What this typically unlocks

OutcomeTypical lift
Campaign-level lift confidence±5% instead of "I think it worked"
Margin saved by killing under-performing journeys$15–80K/year depending on volume
Team disagreement on "did X work?"resolved by data, not loudest voice
Discount margin protection+12% — proves which discount levels actually drive lift
Velocity of learning~4× more validated insights/quarter
Confidence in budget reallocation decisionsfrom anecdote-grade to investor-grade

What you actually get

Three families of test, all with proper assignment + sample-size guardrails + automated readouts:

TypeWhat it testsOutput
A/B testTwo variants of one thing (subject line, copy, offer)Which variant won + p-value + lift
Multivariate (Pro+)Multiple factors at once (subject × send time × discount %)Which combination won + interactions
HoldoutTreatment (received) vs. holdout (received nothing)Incremental lift = causal impact

Plus three kinds of guardrails that protect you from drawing wrong conclusions:

  • Sample-size sanity check. Won't declare a winner until there's enough data. Underpowered tests get a "needs more recipients" tag.
  • Always-on holdouts. Globally hold back 1–5% of your audience from all marketing for shop-wide lift measurement.
  • Stable assignment. A customer in variant A for one test is randomly re-assigned for the next — no leakage between tests.
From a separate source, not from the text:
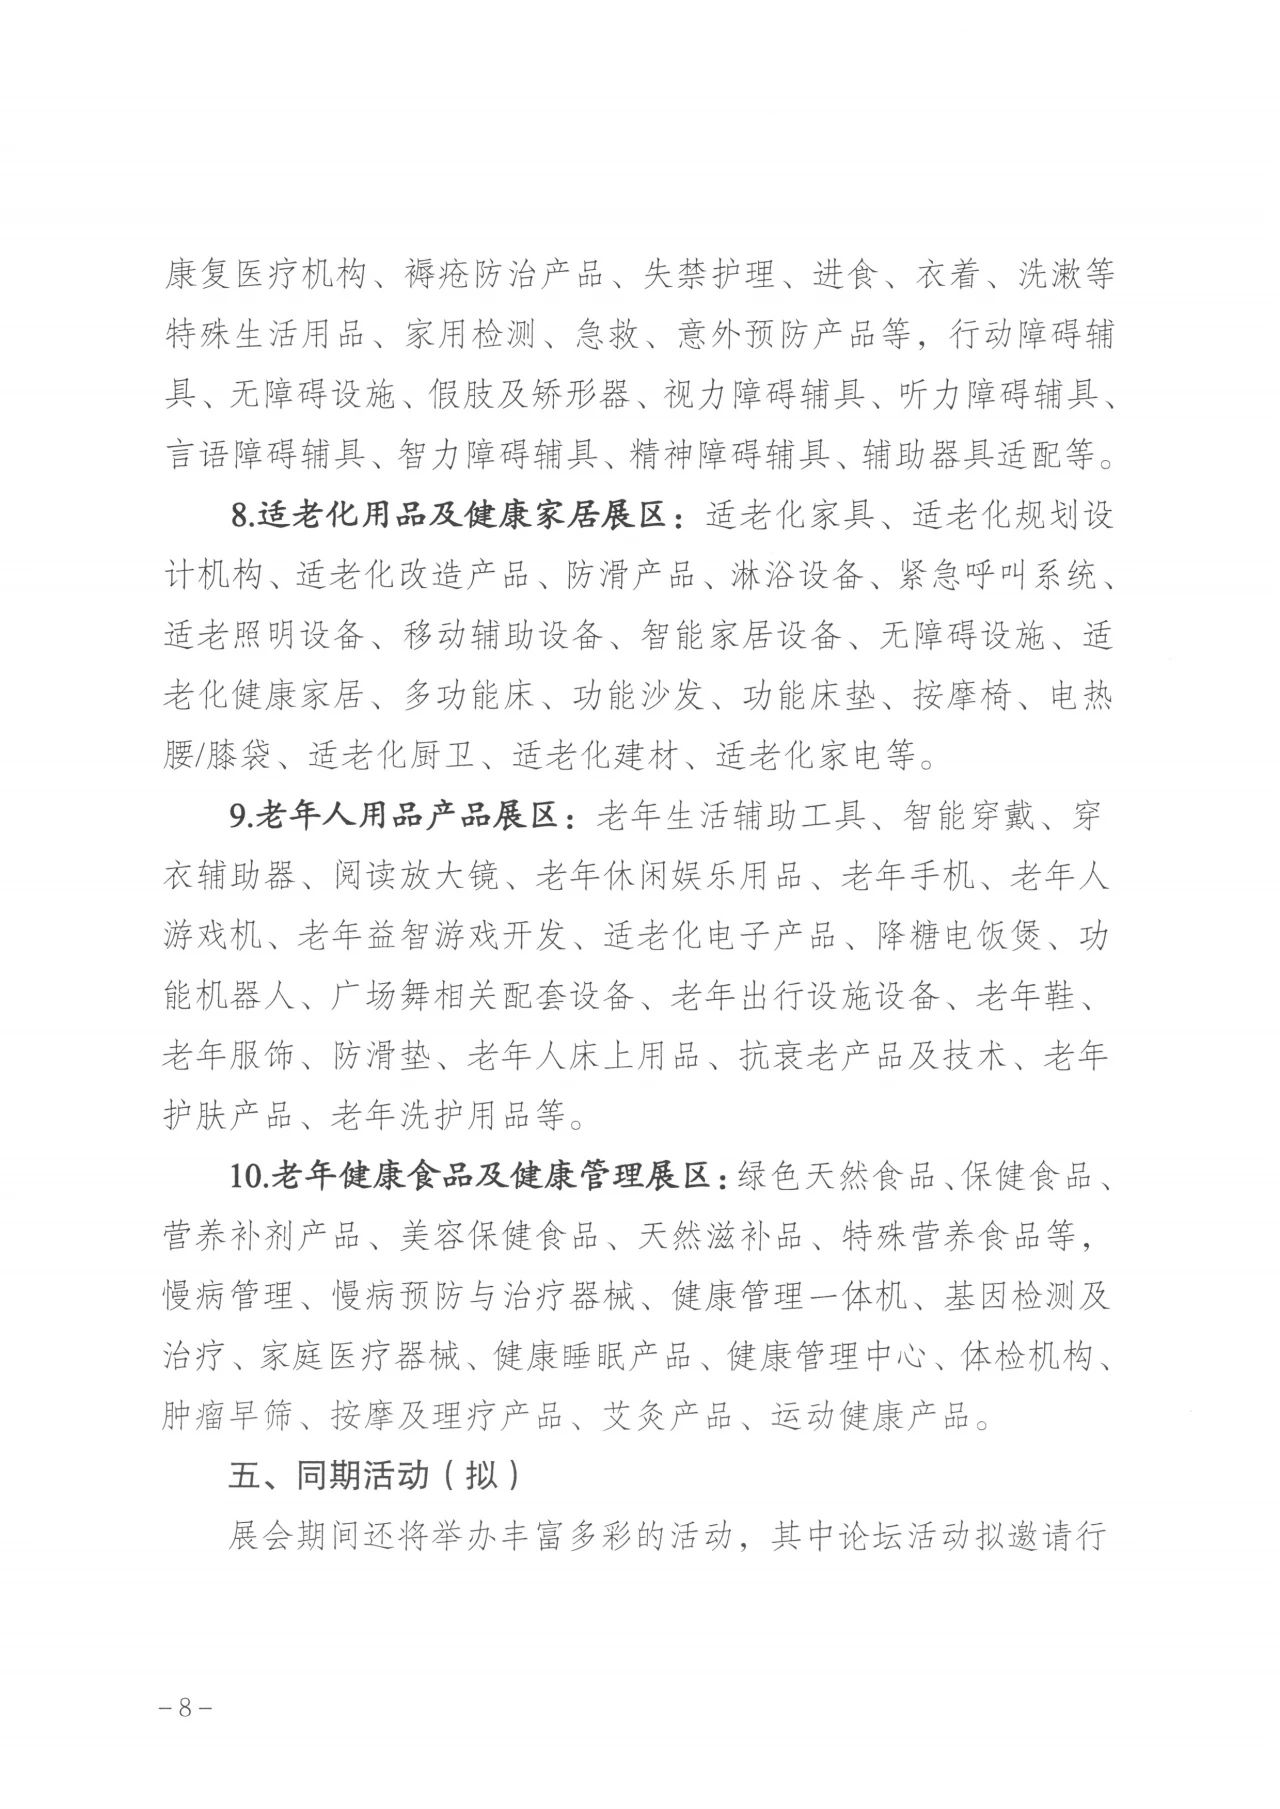 通知  广州市民政局关于邀请组织参加第八届广州老博会的函8.jpg

How it powers every part of your store

Decision validated by experimentsMechanism
Which subject line winsA/B on send
Whether discount X actually drives lift vs. no discountHoldout vs. treatment
Which channel converts best for this audienceMultivariate by channel
Whether the new welcome series beats the oldJourney-level holdout, gradual rollout
Whether ads stop a customer from churningAudience holdout on retargeting campaigns
Whether shipping threshold change earns moreAlways-on holdout, days–weeks
Whether the new copy from the brand refresh workedMultivariate copy test
Whether VIP outreach is worth the team timeHoldout — VIP cohort split treatment / control

How it works (without the technical bits)

Three things that make experiments trustworthy

  1. Random assignment. Every customer is randomly placed into one variant; the assignment is deterministic per customer so they always see the same variant within a single test.
  2. Mutually exclusive cohorts. A customer in variant A for test X gets independently random-assigned for test Y — no correlation between tests.
  3. Sample-size guardrails. A test that's "winning" by 30% on 50 customers means almost nothing — the system shows the confidence interval and refuses to declare a winner until sample size justifies the call.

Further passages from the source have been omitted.